#### Exercise input
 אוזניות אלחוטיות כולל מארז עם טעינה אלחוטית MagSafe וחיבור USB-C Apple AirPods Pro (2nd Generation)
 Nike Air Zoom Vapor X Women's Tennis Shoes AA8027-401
########
#### Exercise input
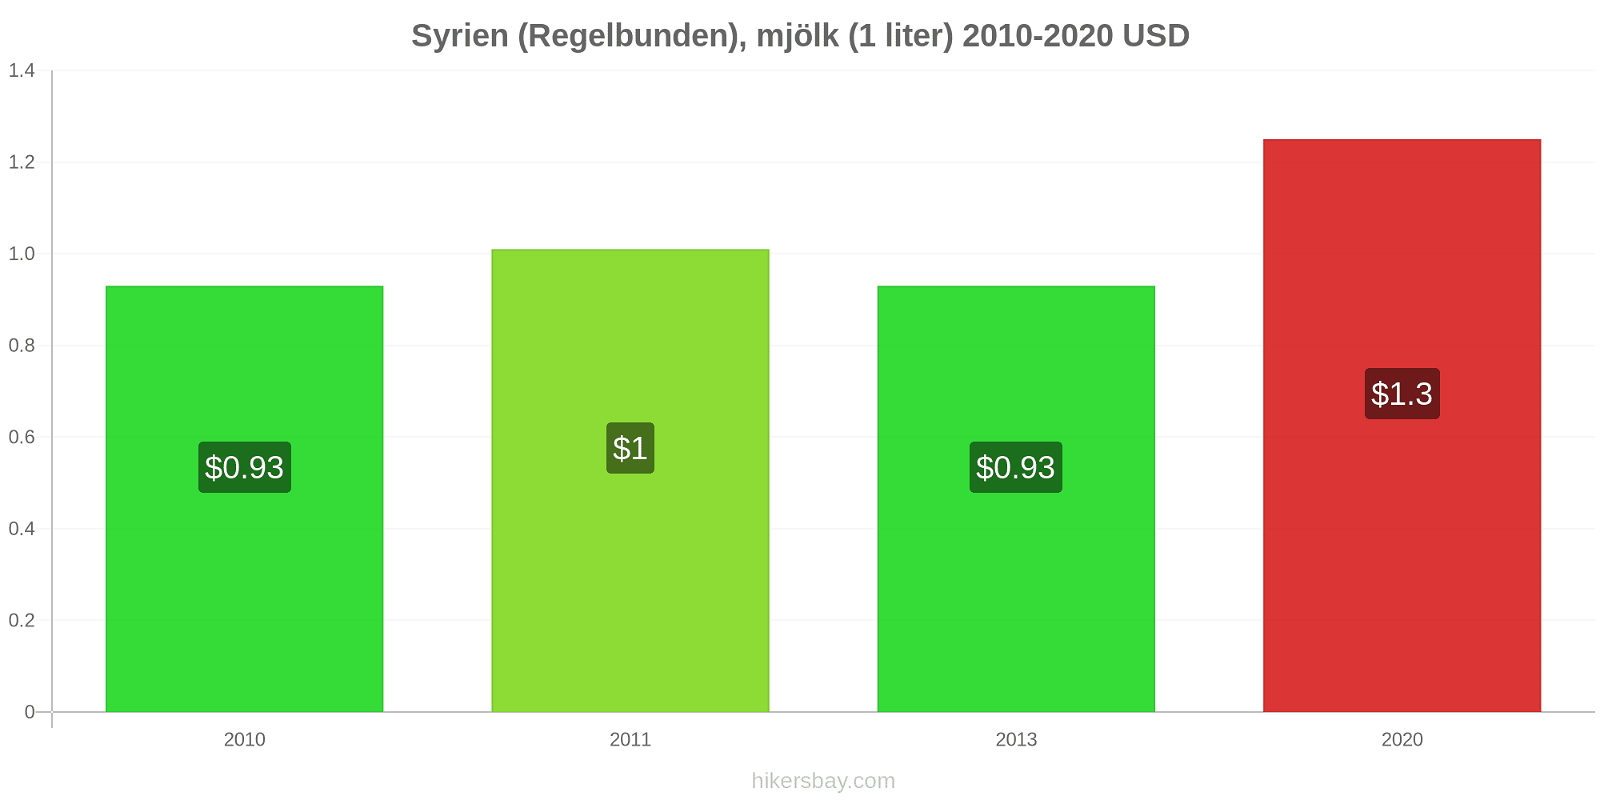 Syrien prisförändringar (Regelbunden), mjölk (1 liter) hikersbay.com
########
**Requirement**
Look above for the line holding "אוזניות אלחוטיות כולל" and the line holding "Nike Air Zoom". Retype both, and every line between them, word for word and nothing else.

**Exercise answer**
 אוזניות אלחוטיות כולל מארז עם טעינה אלחוטית MagSafe וחיבור USB-C Apple AirPods Pro (2nd Generation)
 Nike Air Zoom Vapor X Women's Tennis Shoes AA8027-401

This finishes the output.